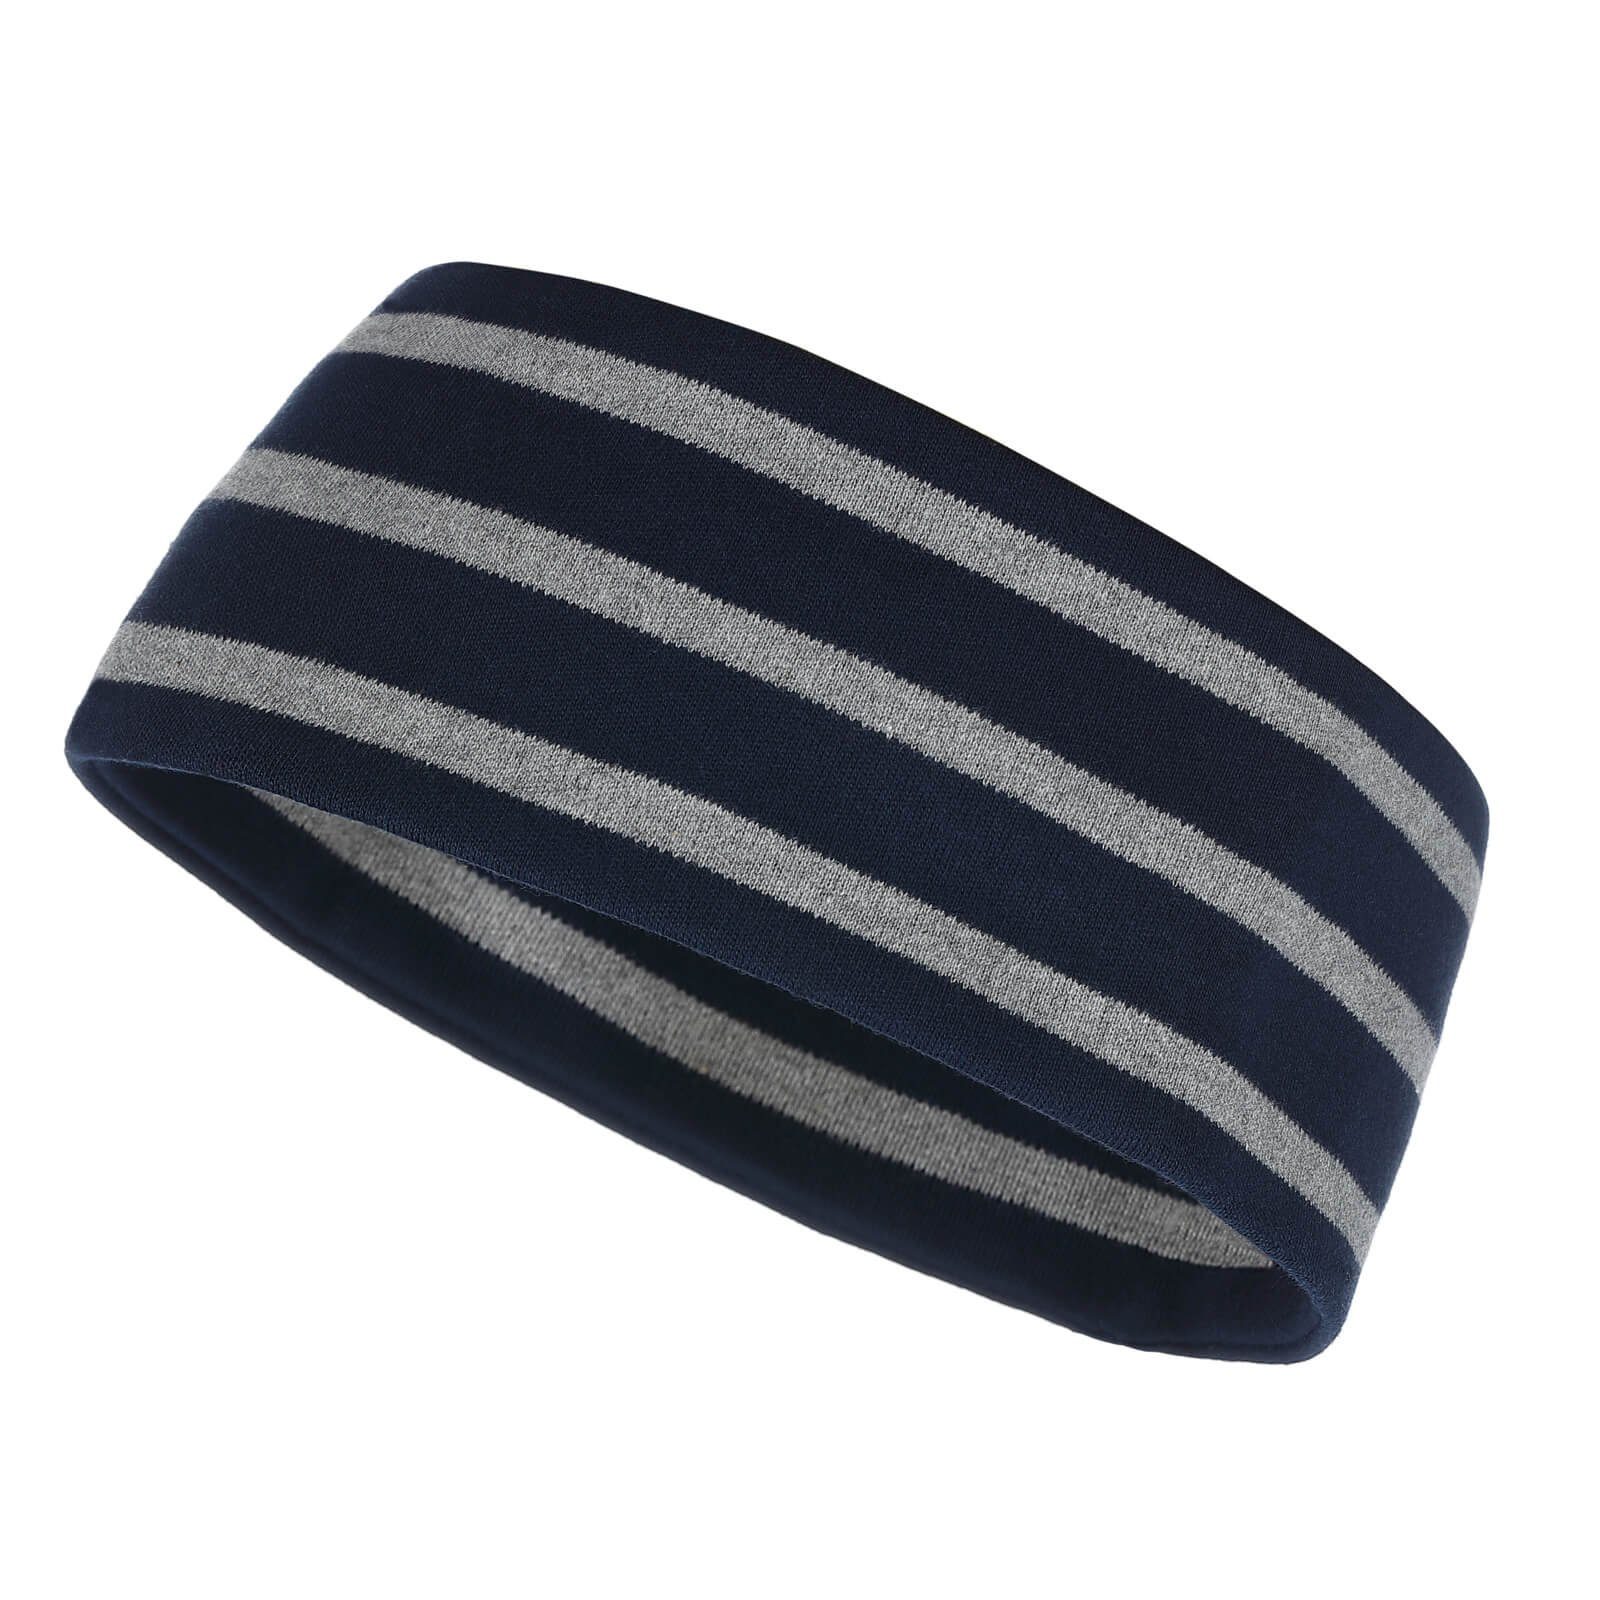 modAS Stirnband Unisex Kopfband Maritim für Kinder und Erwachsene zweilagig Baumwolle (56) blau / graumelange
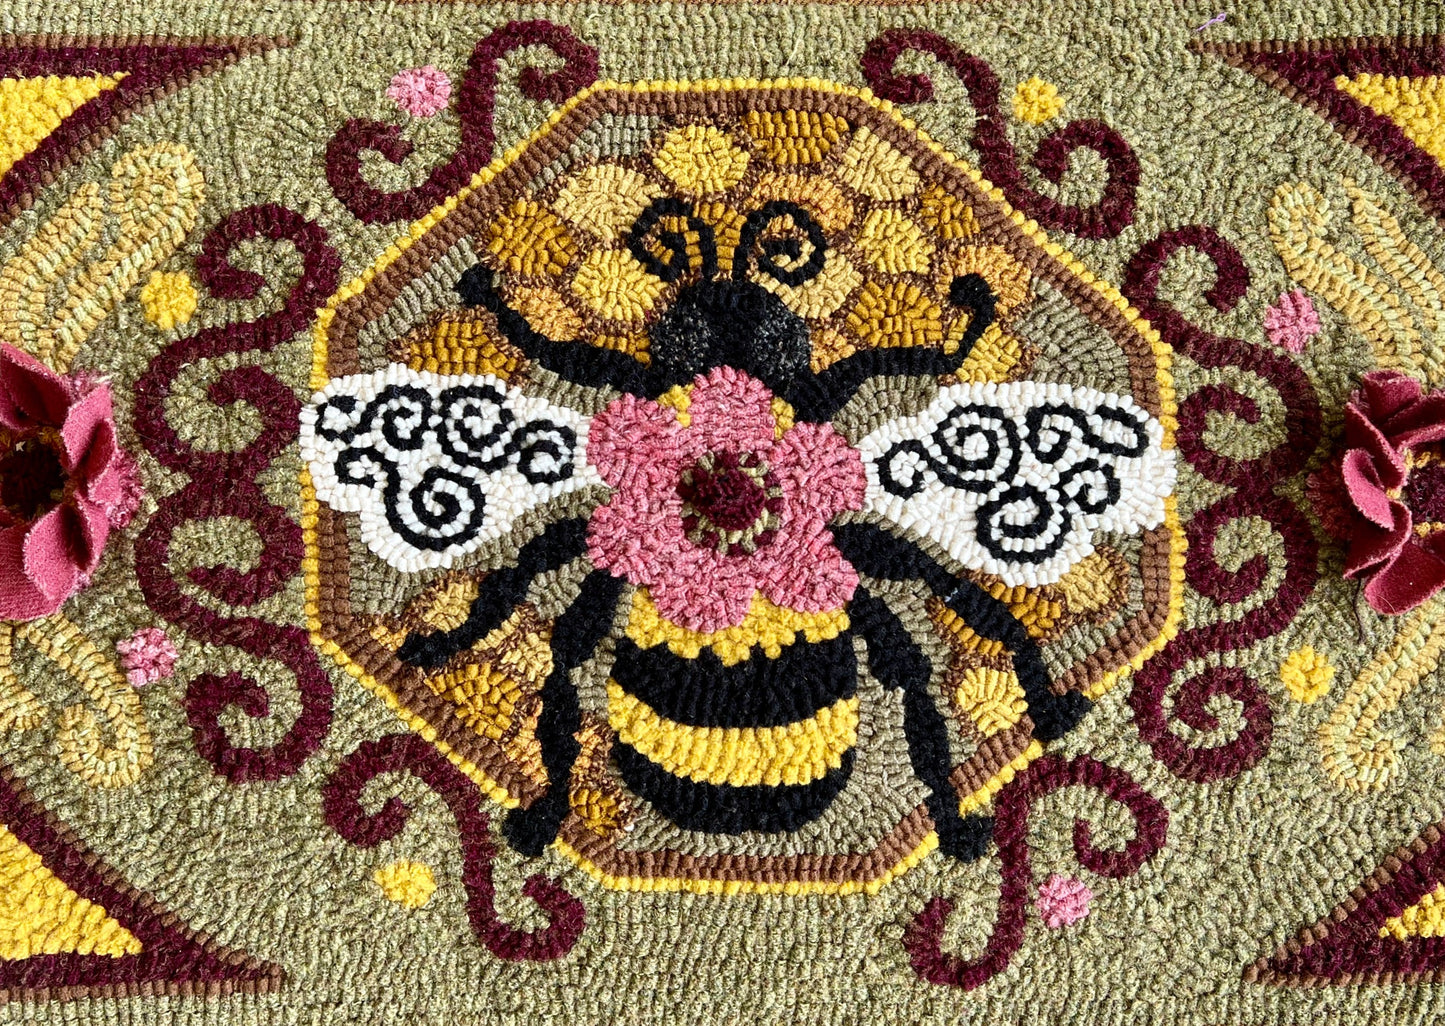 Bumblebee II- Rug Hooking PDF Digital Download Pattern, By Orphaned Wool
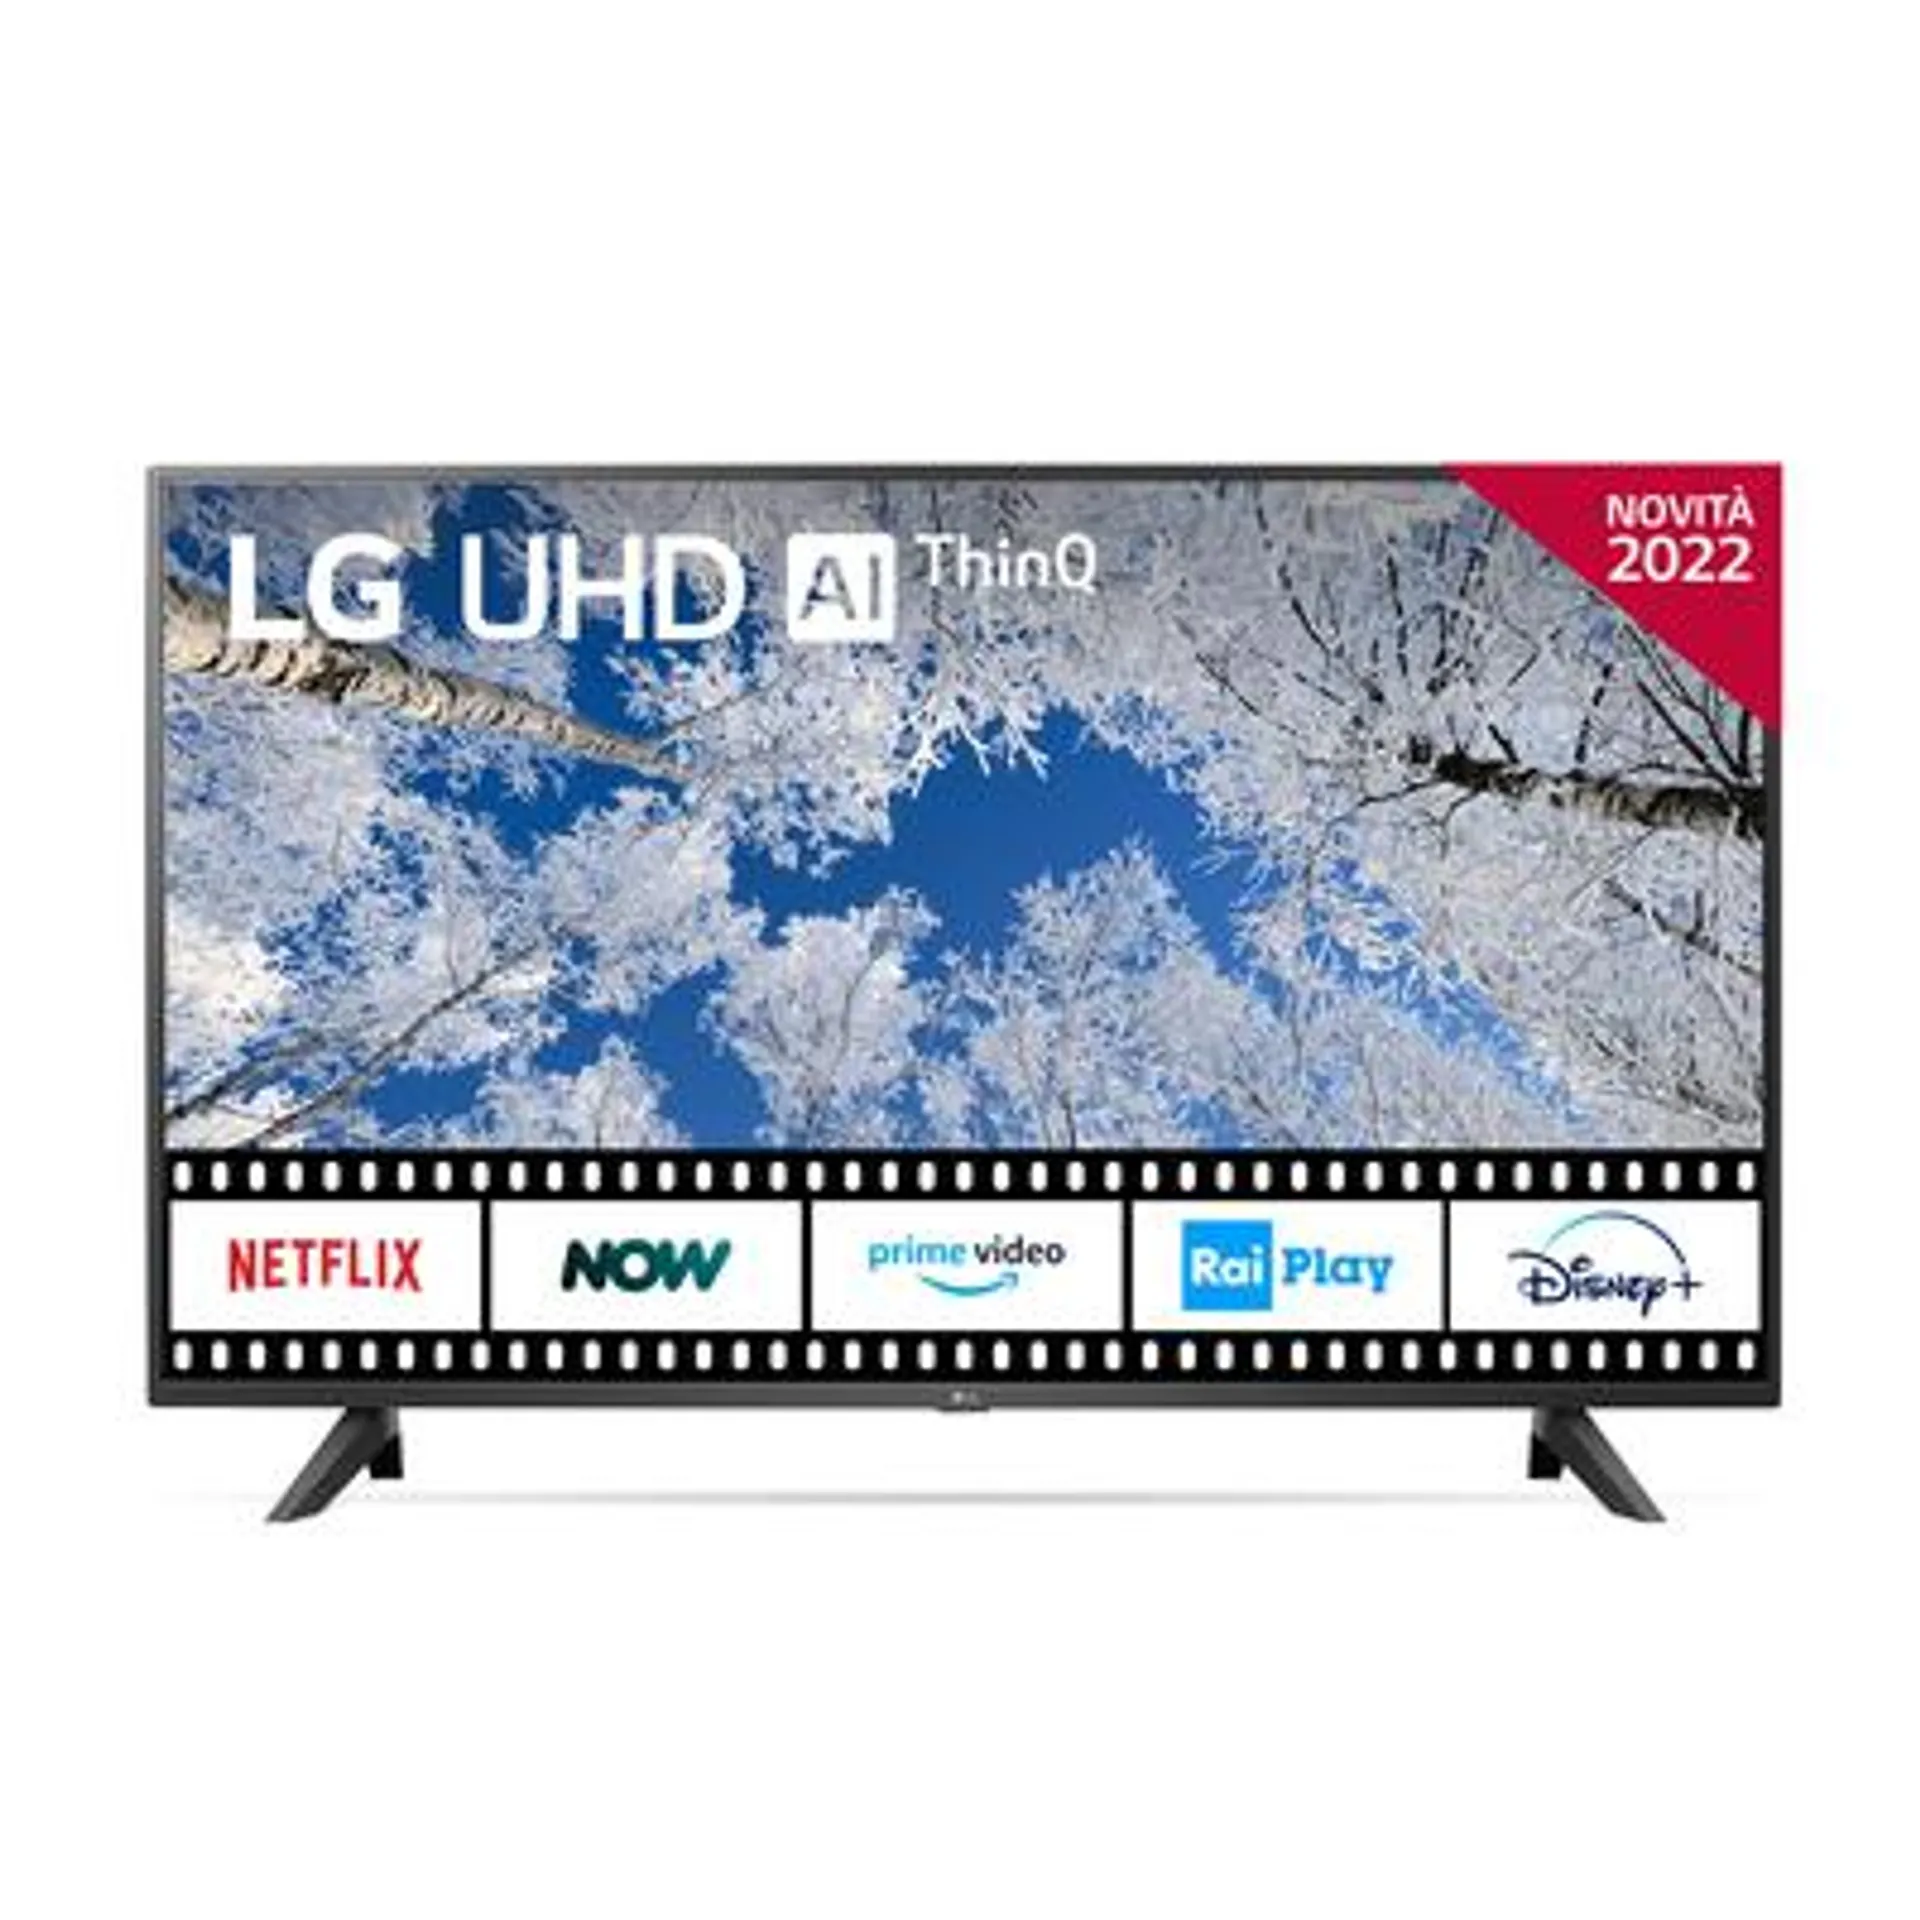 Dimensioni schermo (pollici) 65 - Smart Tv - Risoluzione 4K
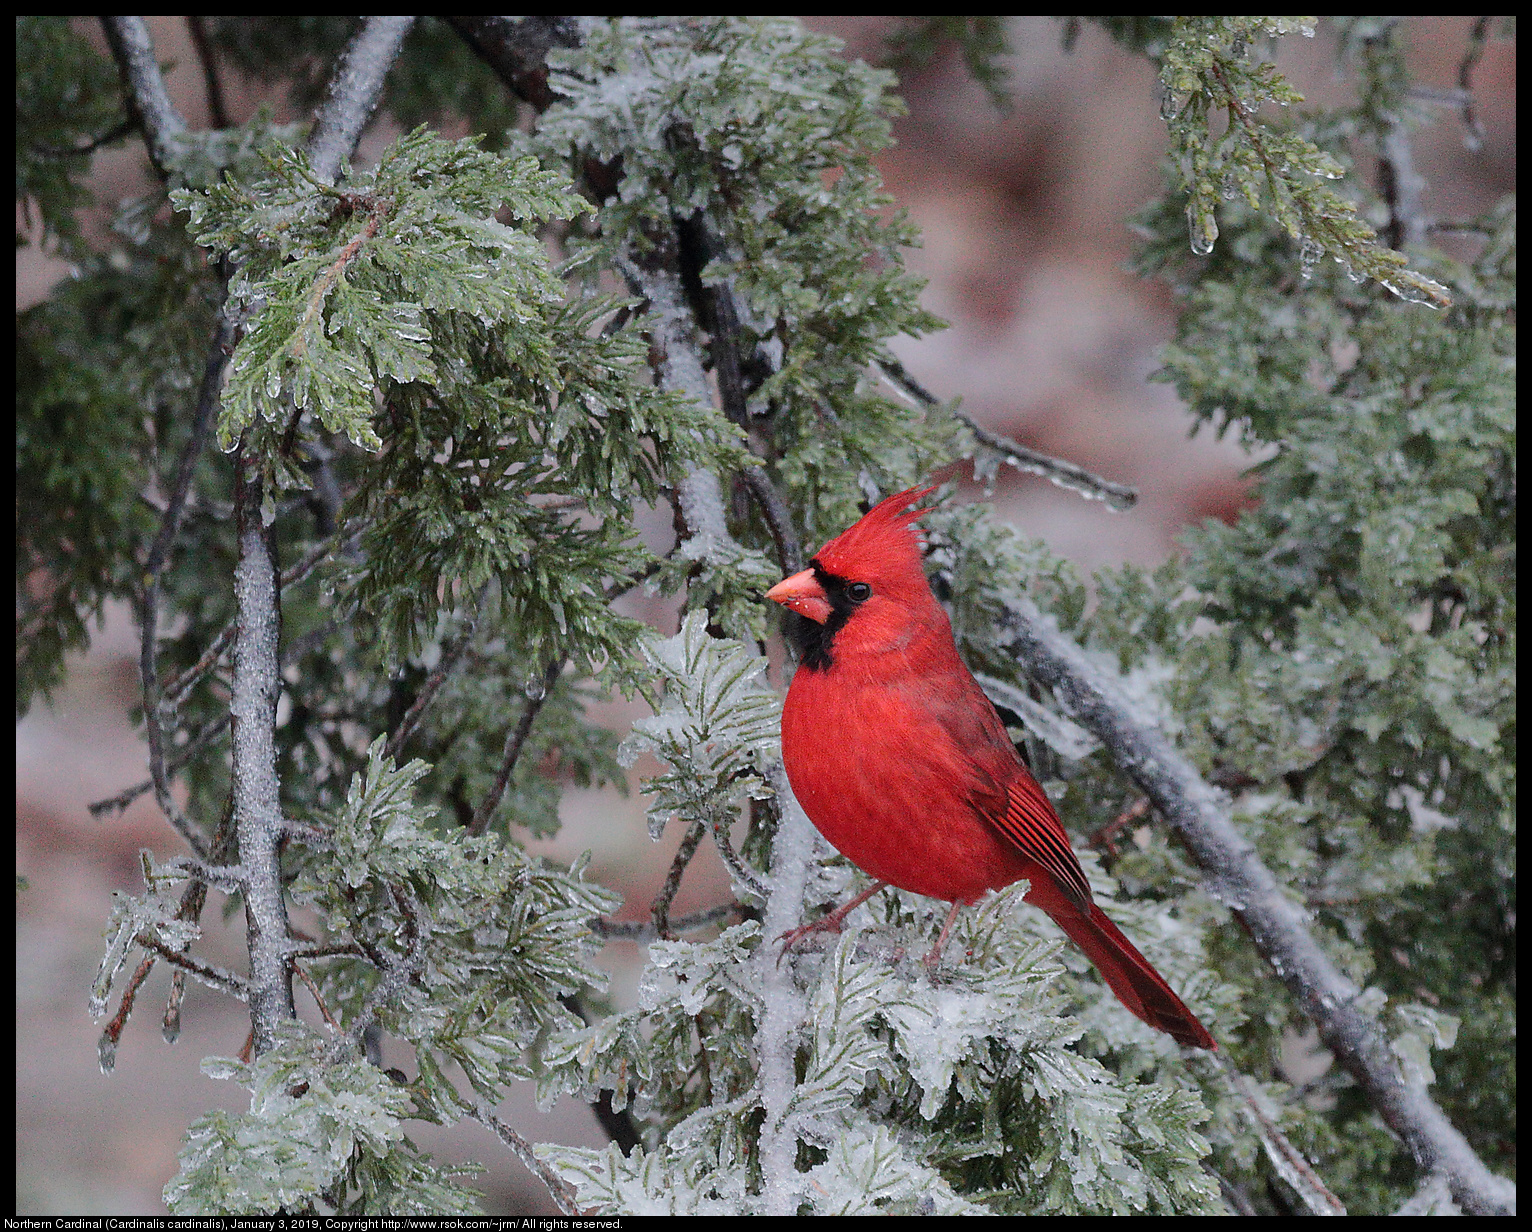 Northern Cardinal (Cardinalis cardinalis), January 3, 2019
---
_WHAT IS BEING ASKED_
Exclude the pictures from the copy. Retype exactly the lines running from the one containing "Bumblebee II- Rug" through the last line of the listing.

_SOLUTION TO THIS TASK_
 Bumblebee II- Rug Hooking PDF Digital Download Pattern, By Orphaned Wool
 Dimensioni schermo (pollici) 65 - Smart Tv - Risoluzione 4K
 Northern Cardinal (Cardinalis cardinalis), January 3, 2019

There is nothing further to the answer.